Standard Conditions of Sale


  1. Every Contract for sale of goods between Terra Liquid Minerals (hereinafter referred to as “the Company”) and “the Buyer” shall be subject to these conditions. No variation of these terms and conditions shall be binding on the Company unless same is confirmed in writing by the Company to the Buyer.


  1. The Terra Controller and associated software remains at all times the property of the Company.


  1. The data contained on the Terra Controller, associated tablets and Terra Liquid Minerals mainframe remains the property of the Company at all times.


  1. Minerals supplied by the Company shall only be dispensed through the Terra Controller. The Company accepts no liability for any product which is not dispensed in the appropriate manner.


  1. The Company will use its best endeavours to deliver all goods ordered on the date and time agreed in the Contract but the Company shall not be liable for any expense, loss or damage whatsoever incurred by the Buyer as a result of the Company for whatever reason, not delivering on the date or within the time so specified.

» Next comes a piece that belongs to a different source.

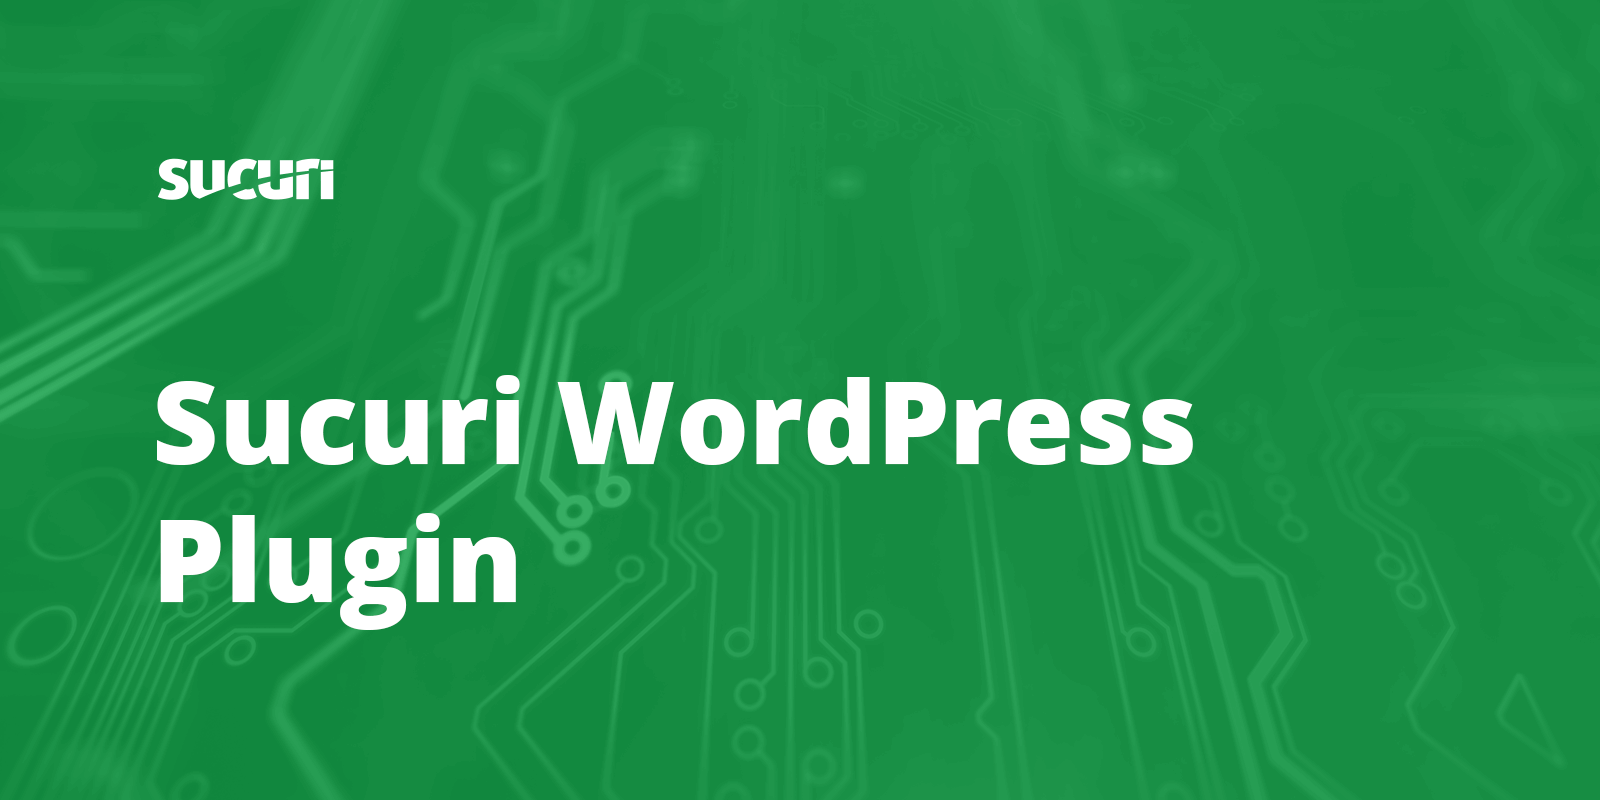 Sucuri Security, plugin para seguridad WordPress y Análisis de Malware

  1. Should the availability of the goods at the Company’s premises or the delivery thereof be hindered or delayed directly or indirectly by fire, the elements, war, civil commotion, strikes, lock-outs, industrial dispute, shortage of raw materials or fuel (notwithstanding that the Company has taken all reasonable steps to procure the same) breakdown or partial failure of plant or machinery, acts, orders or regulations of any Government, delay on the part of any independent sub-contractor or supplier, or any other cause whatsoever beyond the reasonable control of the Company, then the time for delivery of the goods shall be extended for a reasonable period having regard to the effect of the delaying cause on the availability or delivery of the goods. If the availability or delivery of the goods is still prevented, hindered or delayed at the end of that period, then the Company may terminate any or all agreements in relation to deliveries not made, without being liable for any loss or damage incurred by the Buyer.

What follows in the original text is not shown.